和过去的每一天别无一二,从房间的单人床上醒来,那不勒斯早晨明媚的阳光穿过他银色的,因为被压着而有些凌乱的头发上,然后在他的脸上投射出几块被切碎的金黄。
然后,起床,放水,刷牙洗脸,用刀片刮去一晚上新冒出来的胡茬,最后涂上紫色的唇膏打开房门。
今天依旧是个不错的日子,阿帕基一直很喜欢那不勒斯的天气,不会太冷,也不会过热,几乎一直保持在一个让人觉得舒适的温度,就连秋季有时连绵不断的阴雨也不显得那么让人讨厌。
阿帕基穿过几条巷子——他不想走那条经常被游客堵的水泄不通的路,结果遇到几个不长眼的凑上来准备从他身上“讨点好处”的混混。

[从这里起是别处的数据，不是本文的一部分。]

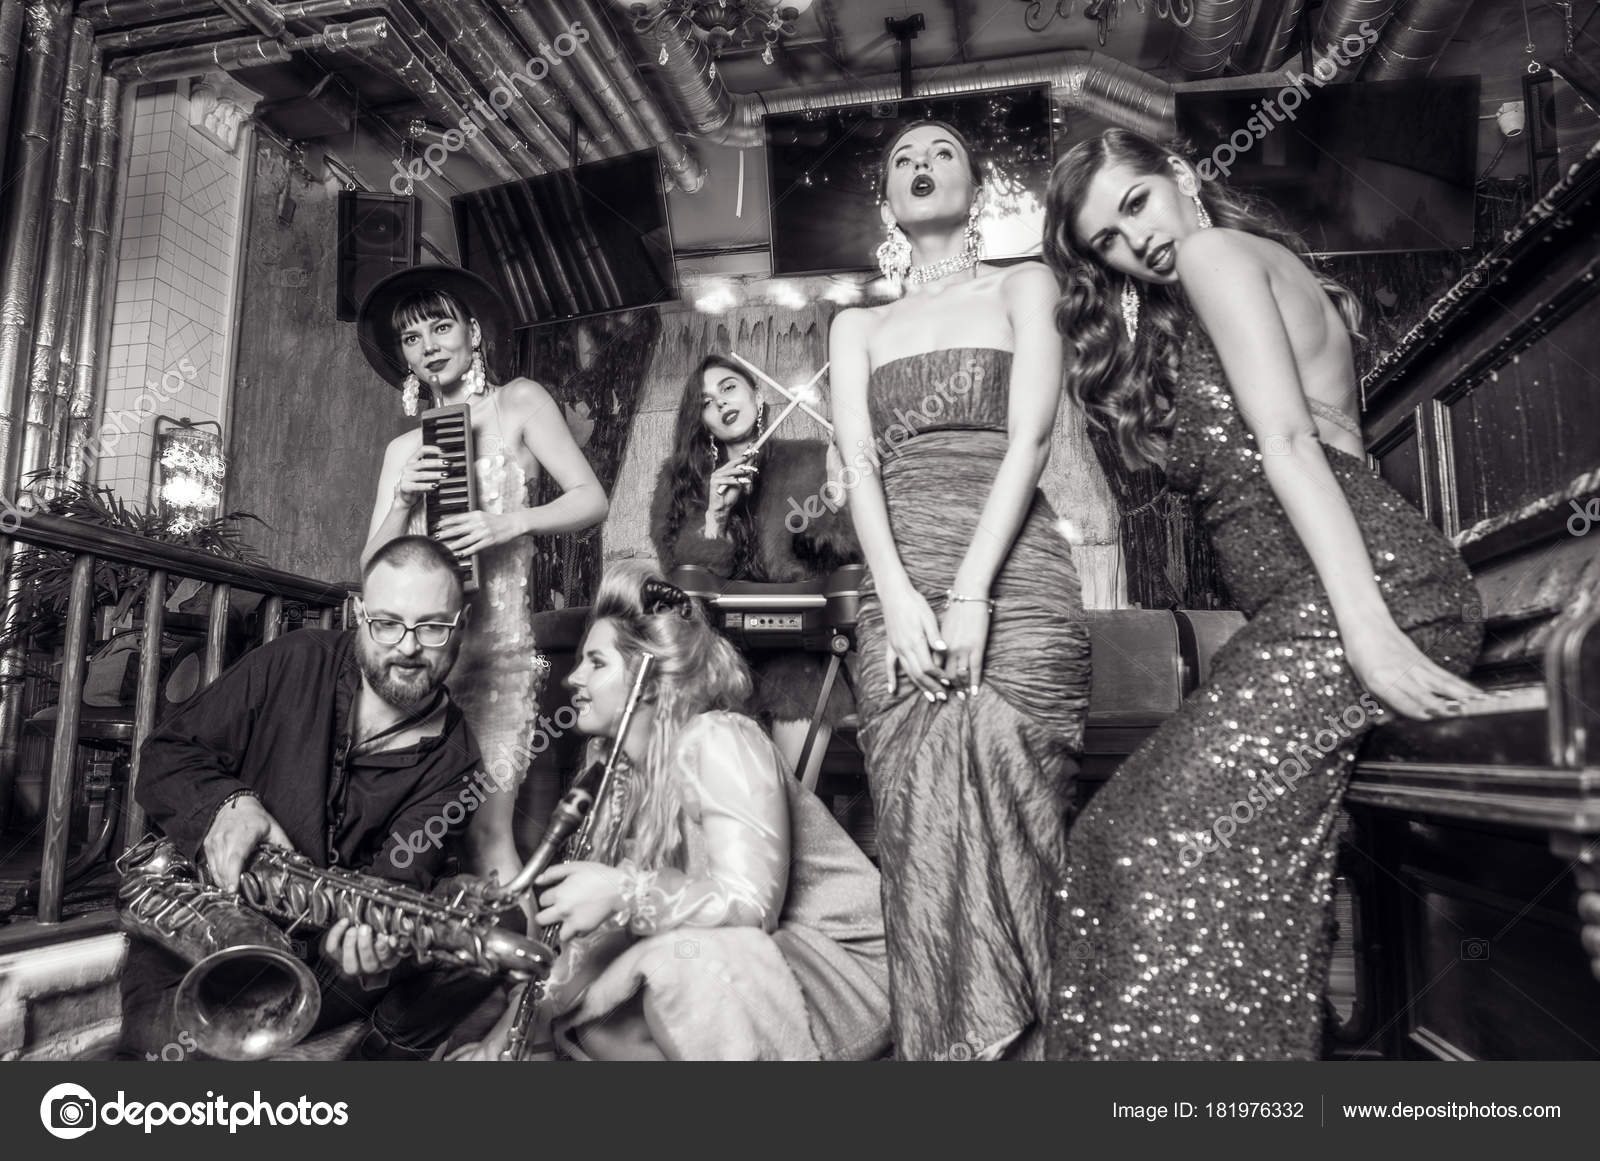 7b8dcf82c52 Grupo de jovens elegantes vestidos estilo clássico no interior do clube de  luxo. Foto preto

他抬头看了一眼巷子里被挤成一条线的天空,有些想念布加拉提跟他同行的时候。
“……”
阿帕基拉开餐厅的门,问侍应生要了一块手帕来擦手上刚刚沾到的血,然后像往常一样坐在那个角落,戴上耳机等待着同伴们到来。
餐厅早已熟悉了他们这行人的喜好,早已在桌子上备好了茶点——每样5份,宁可多也绝不会少。
“早上好阿帕基,你已经到了啊。”
———
是男人呕吐和玻璃被撞碎的声音。
和一对尖叫着的衣衫不整的情侣,慌乱地从黑暗小巷里出来,一边跑一边骂:“该死的,你这混混为什么要大半夜躺在垃圾堆里?!我要报警,我要报警!”

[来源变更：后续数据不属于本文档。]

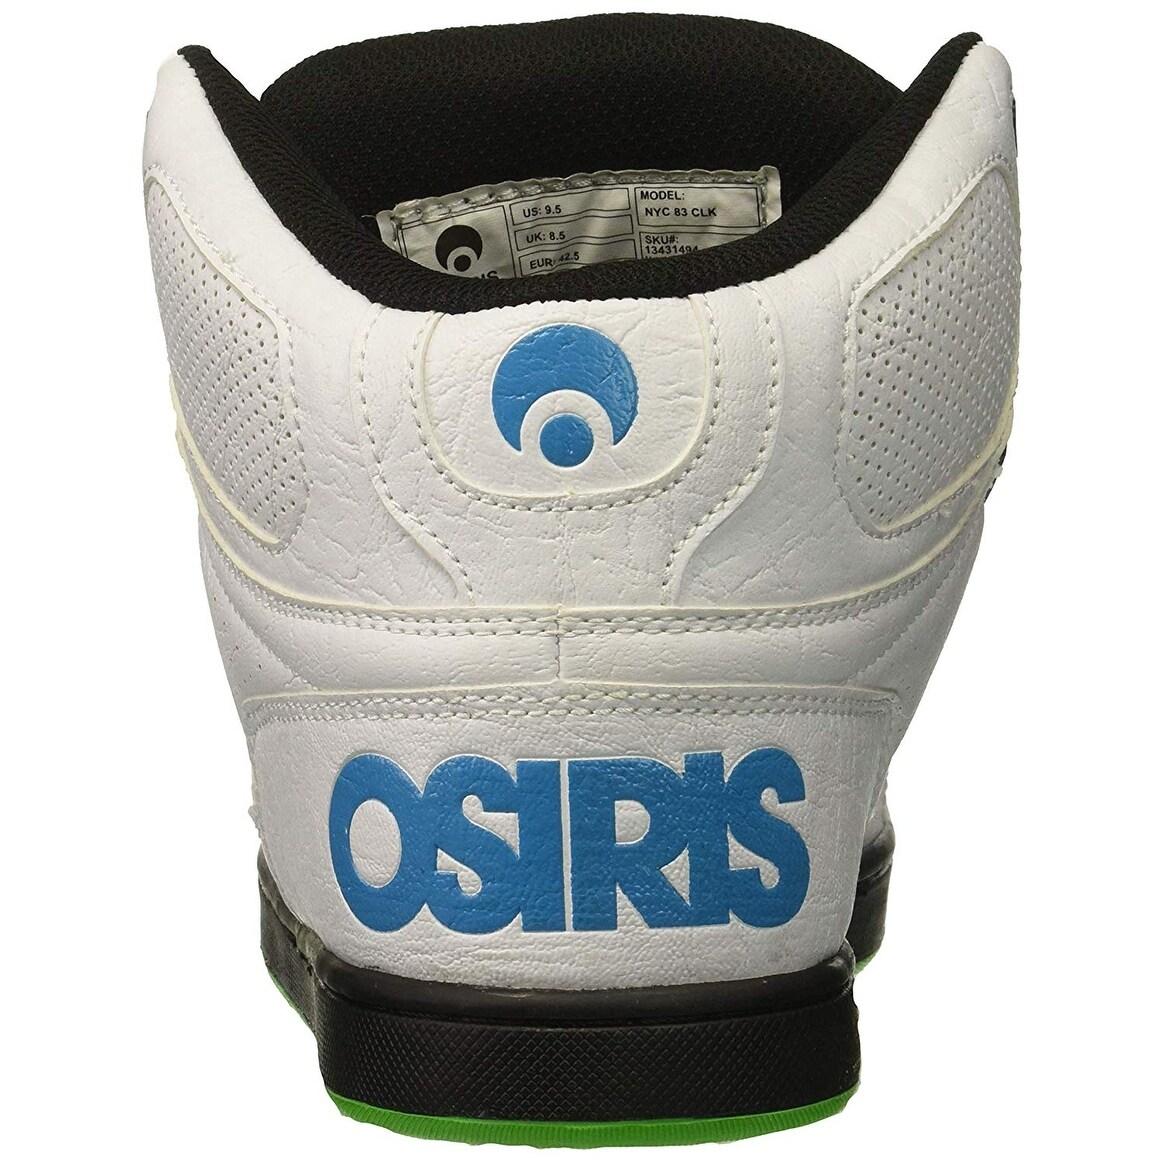 Osiris Shoes Buy Skate Shoes direct from Osiris

“你这半死不活的狗崽子!再让我撞见你一次我就揍得你满地找牙!”
……
什么东西。
不过是在大街上就按捺不住想要发情的一条母狗和一匹种马罢了,进了巷子以为没人,衣服裤子都脱的差不多了,结果这时候他正好从角落里清醒了一下。
那两人的叫骂声当然没传进阿帕基的耳朵,毕竟他到现在也没完全清醒。意识仍然模糊地很,胃和喉咙都像是着了火一般,火烧火燎的疼,刚动弹一下身子胃里便开始翻江倒海,让他被迫趴在地上呕吐。
说是呕吐,其实他的胃里除了酒大概也没有什么好吐的了,吐了半天也只是一摊泛着腥臭的酸水,和边上不知道是什么垃圾的臭味混合在一起,连野狗都不会来找食的地方。

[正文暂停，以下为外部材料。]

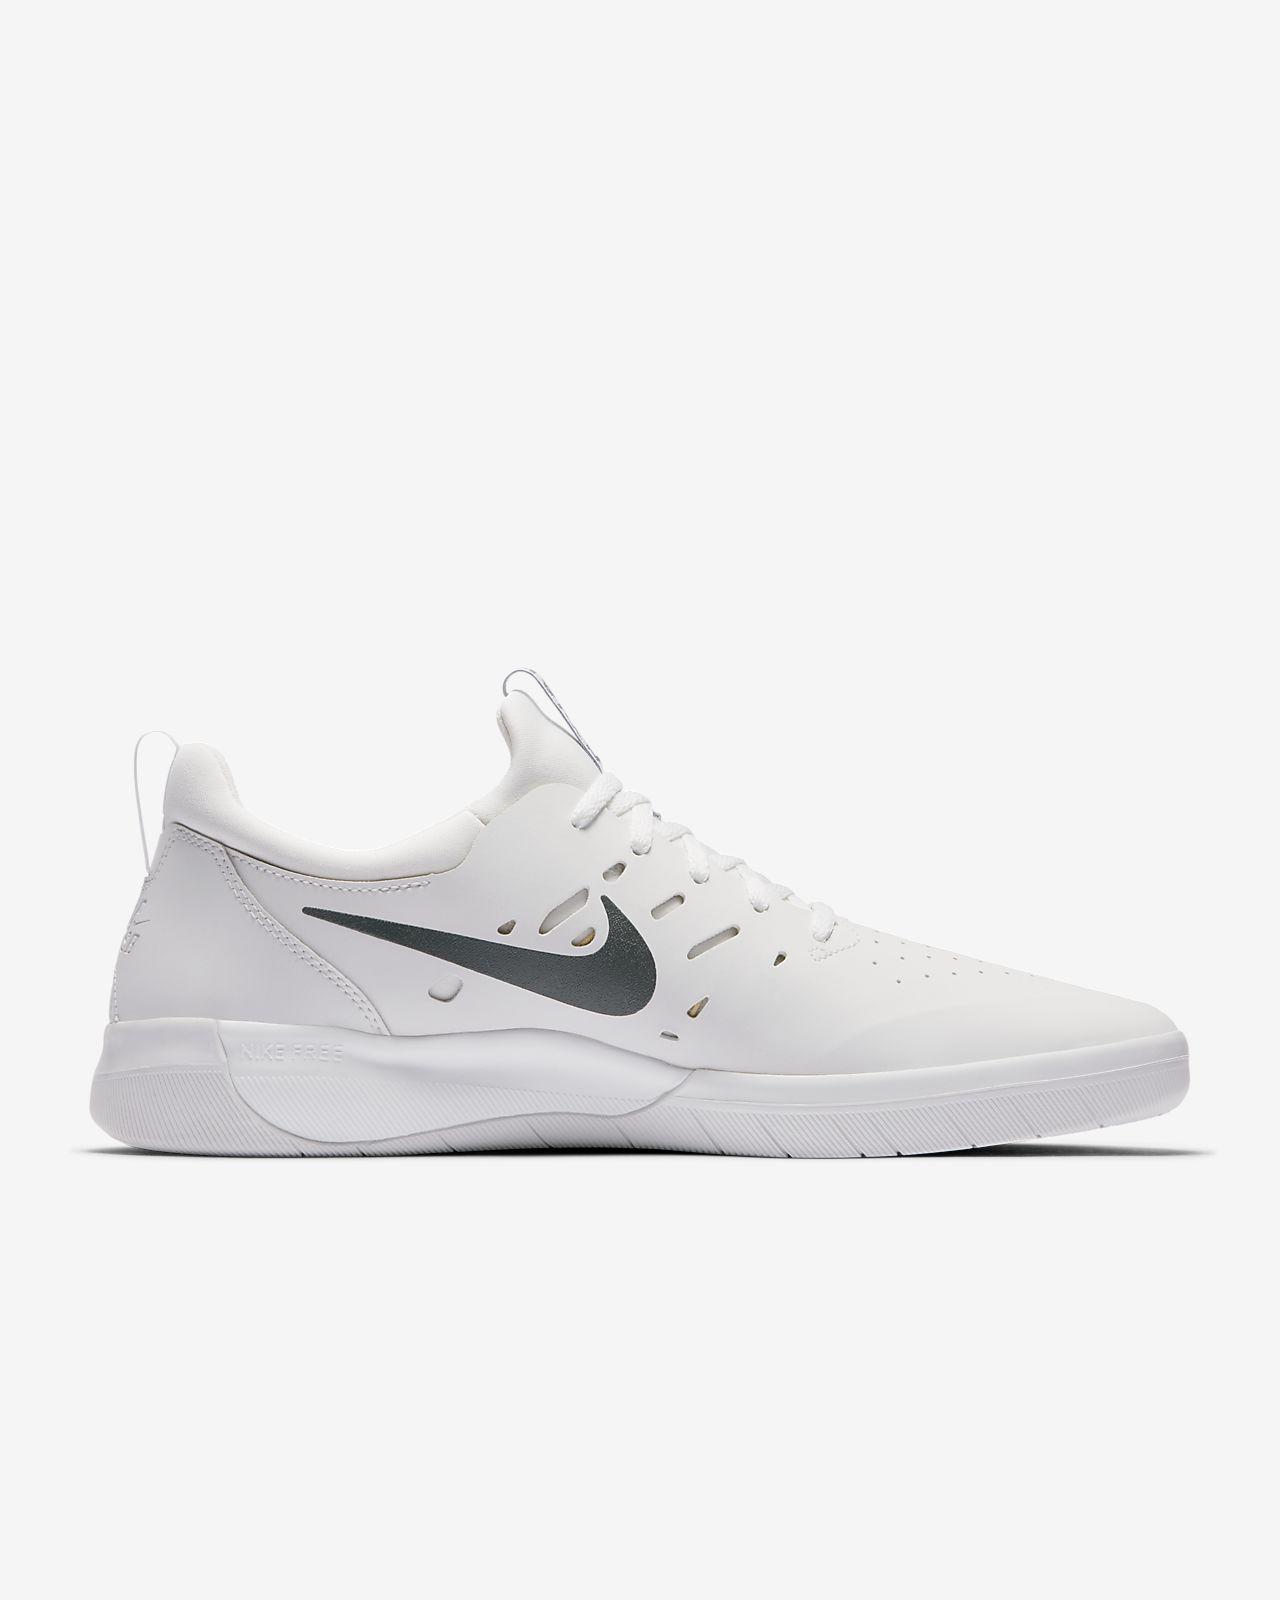 Nike SB Nyjah Free Skate Shoe. Nike DK

他动作幅度稍微大了一点,又打翻了几个空酒瓶,飞溅起来的玻璃渣子有几片擦过了他的额头,鲜血顿时从他脏乱的头发里流下来,落在他衣服上,看着像是腹部开了一个大洞,血把衣服全染红了。
还活着。阿帕基想,他还活着,但是这和死了有什么区别?这座城市每天都会有无数流浪猫狗或者老鼠死去,可能是饿死,可能是病死,也可能是被小孩摔死。就连人,每天也会死掉无数,老死病死杀死,或者像他一样,直接烂死在这巷子里,然后像那些老鼠一样被还活着的动物啃食,直到一点骨头渣子都不会剩下。
他确实是该死了。
也不对。
其实他早就死了,现在躺在这里的只是一具行尸走肉罢了,他应该早就死在了那个到处都是血和碎玻璃的,他怀中尸体冰冷的晚上。
尸体的冰冷已经浸透了他的全身,可能是打翻的酒,也可能是他的血。
他又闭上了眼睛。
———
“啊啊,早上好,布加拉提。”阿帕基抬头,看了一眼眼前春风和煦的男人,“怎么,他们几个还没来吗?”
“不,我通知他们说今天没有任务。”布加拉提拉开椅子,端起一块草莓蛋糕放在自己面前,“你也吃吧,米斯达不在,我们暂时不用考虑4的问题。”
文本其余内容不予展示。